Guide sentenced for maiming cats in Bookcliffs |

Guide sentenced for maiming cats in Bookcliffs

The Associated Press

DENVER — A wildlife guide has been sentenced to six months home confinement, a $5,000 fine, 50 hours of community service and three years’ probation for illegally capturing and maiming mountain lions and bobcats to make hunts easier for clients by shooting the cats in the paws or legs or attaching leg traps to hold them.

Nicholaus Rodgers, of Shady Cove, Oregon, pleaded guilty to conspiring to violate the Lacey Act, which prohibits the interstate sale of wildlife taken in violation of state regulations.

Rodgers worked as an assistant hunting guide for Loncarich Guides and Outfitters.

Christopher Loncarich, Rodgers’ employer, was a big game outfitter and hunting guide who owned Loncarich Guides and Outfitters and operated primarily in west central Colorado on the border with Utah.

According to federal and state authorities, Loncarich outfitted and guided mountain lion and bobcat hunts in the rugged Bookcliffs Mountains, which run along the Colorado-Utah border north and west of Grand Junction.

Investigators say they found more than 15 clients who had taken part in the illegal killing of more than 30 mountain lions and bobcats.

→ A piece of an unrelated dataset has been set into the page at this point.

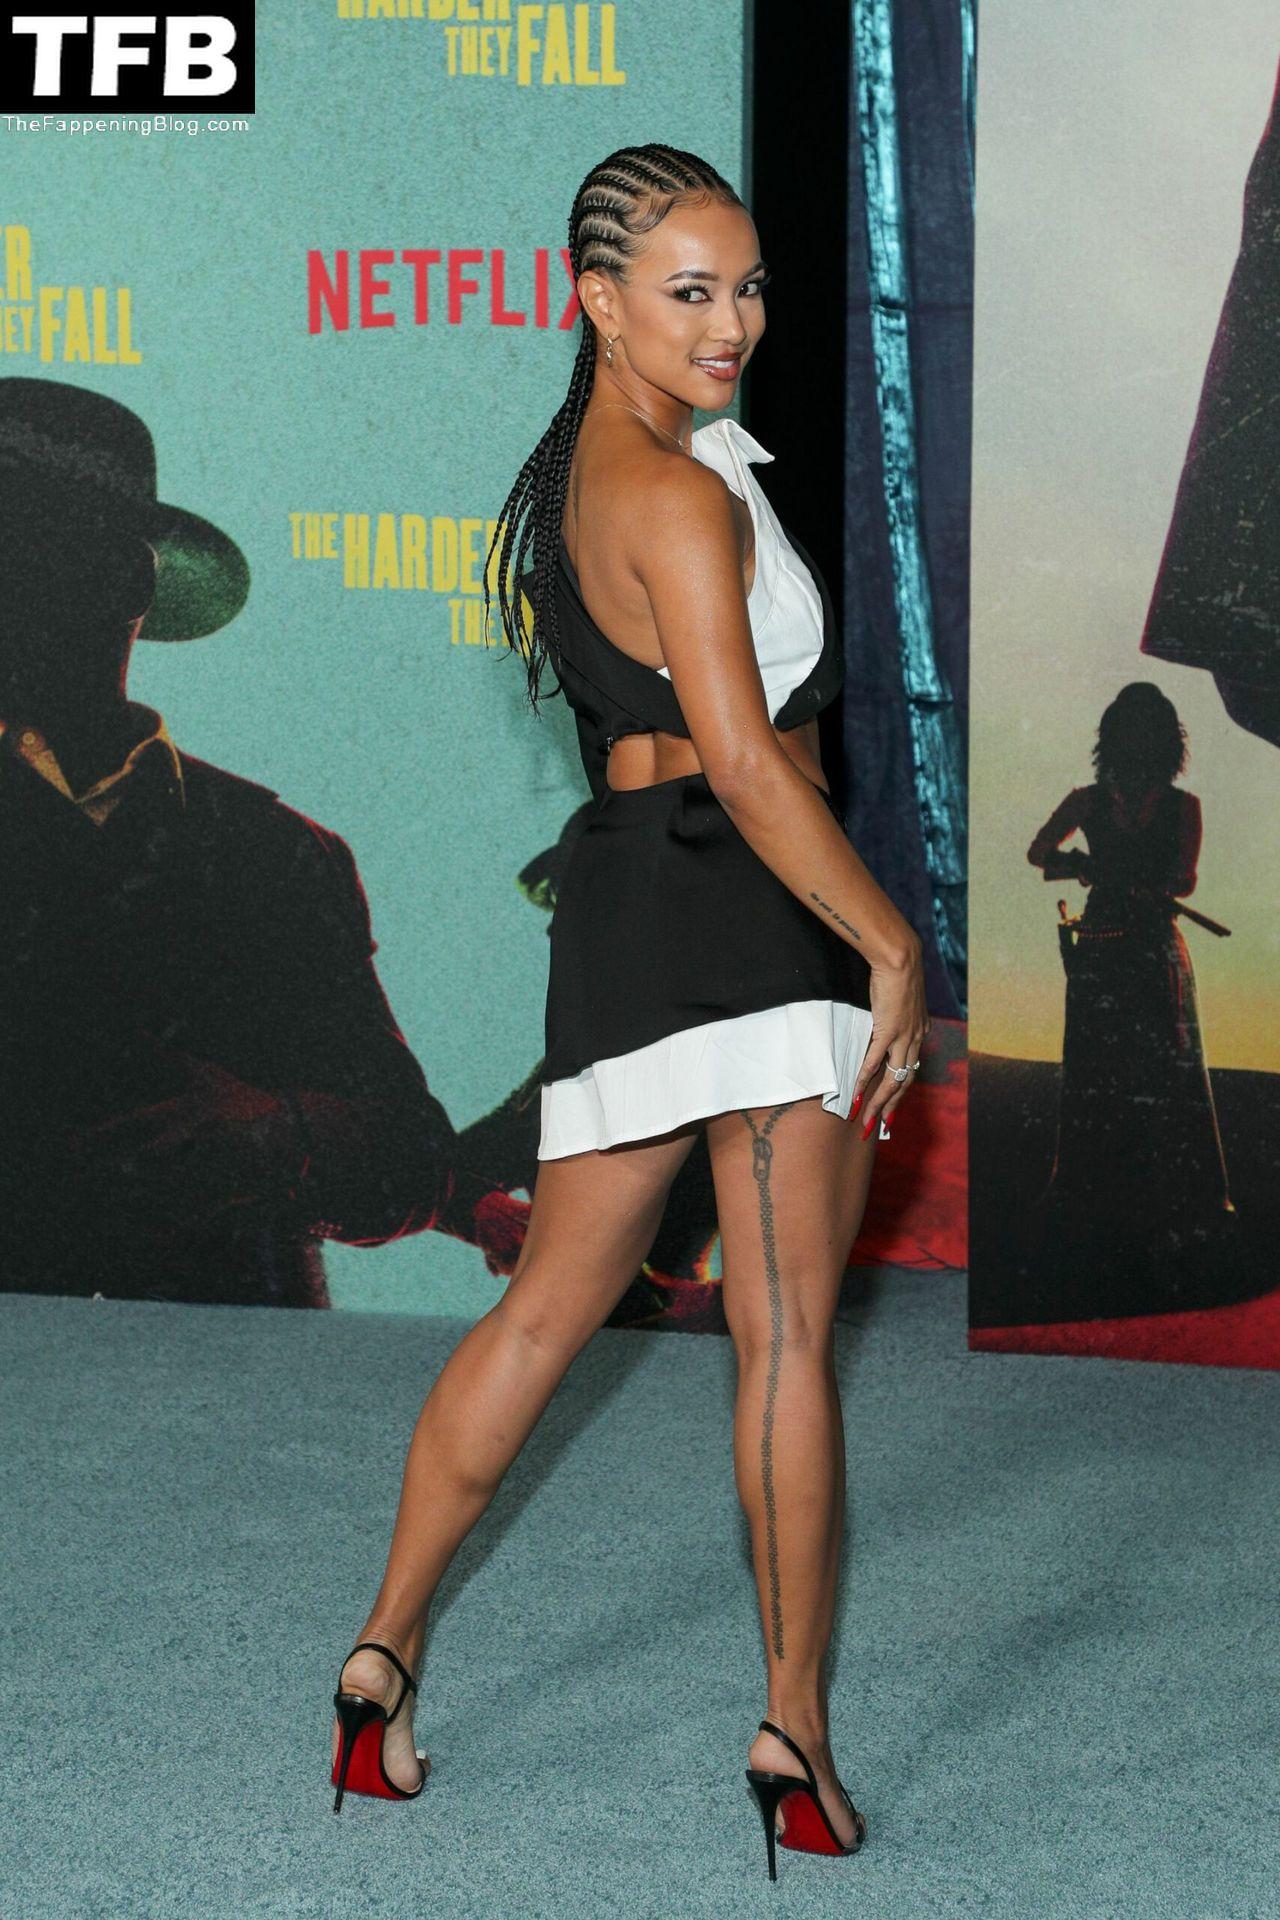 Karrueche-Tran-Sexy-Legs-Upskirt-The-Fappening-Blog-29.jpg

Clients paid Loncarich up to $7,500 for each mountain lion hunt and Loncarich would then share the proceeds with his assistant guides. Rodgers admitted to personally assisting clients in unlawfully killing 11 mountain lions and five bobcats.

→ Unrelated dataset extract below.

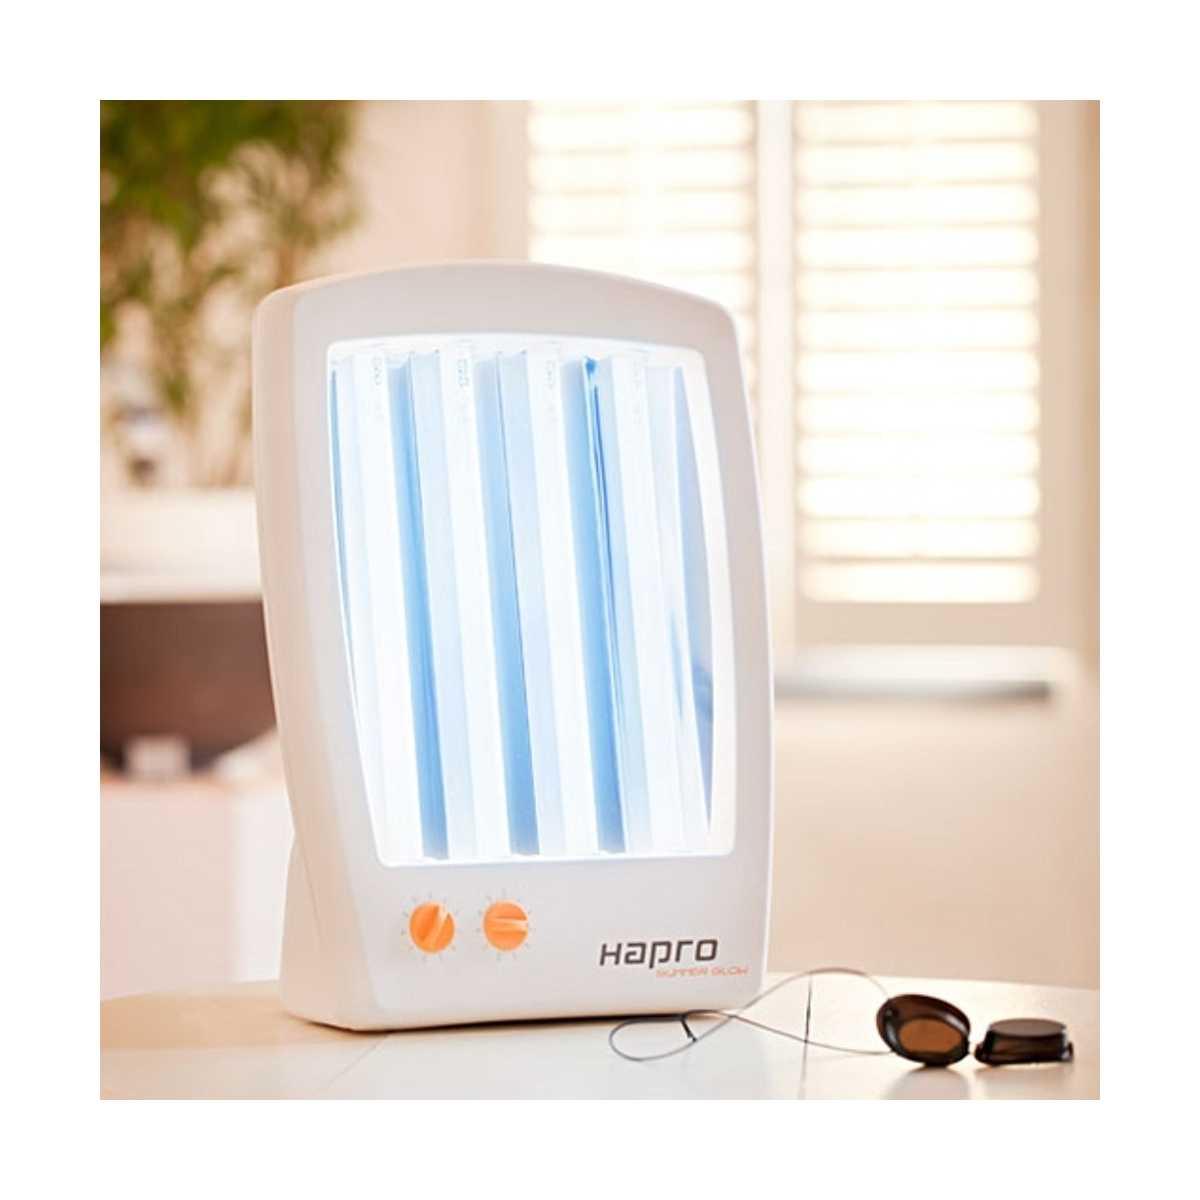 Hapro HB175 Solarium facial home - Home Tanning - Hapro

Loncarich, of Mack, Colorado, was sentenced to 27 months in prison and three years of probation for conspiracy.

“The disturbing conduct uncovered during the course of this investigation is a reminder that even today, poaching remains a threat to the wildlife populations,” Tony Wood, Law Enforcement Chief with the Utah Division of Wildlife Resources, said in a statement issued Thursday.

“We hope this sentencing serves to deter those who are intent upon exploiting wildlife populations at the expense of present and future generations of ethical sportsmen and others who appreciate wildlife,” he said.

Several assistant guides got more lenient sentences.

Three hunting clients were issued notices for violations of the Lacey Act and paid a total of $ 13,100 in fines.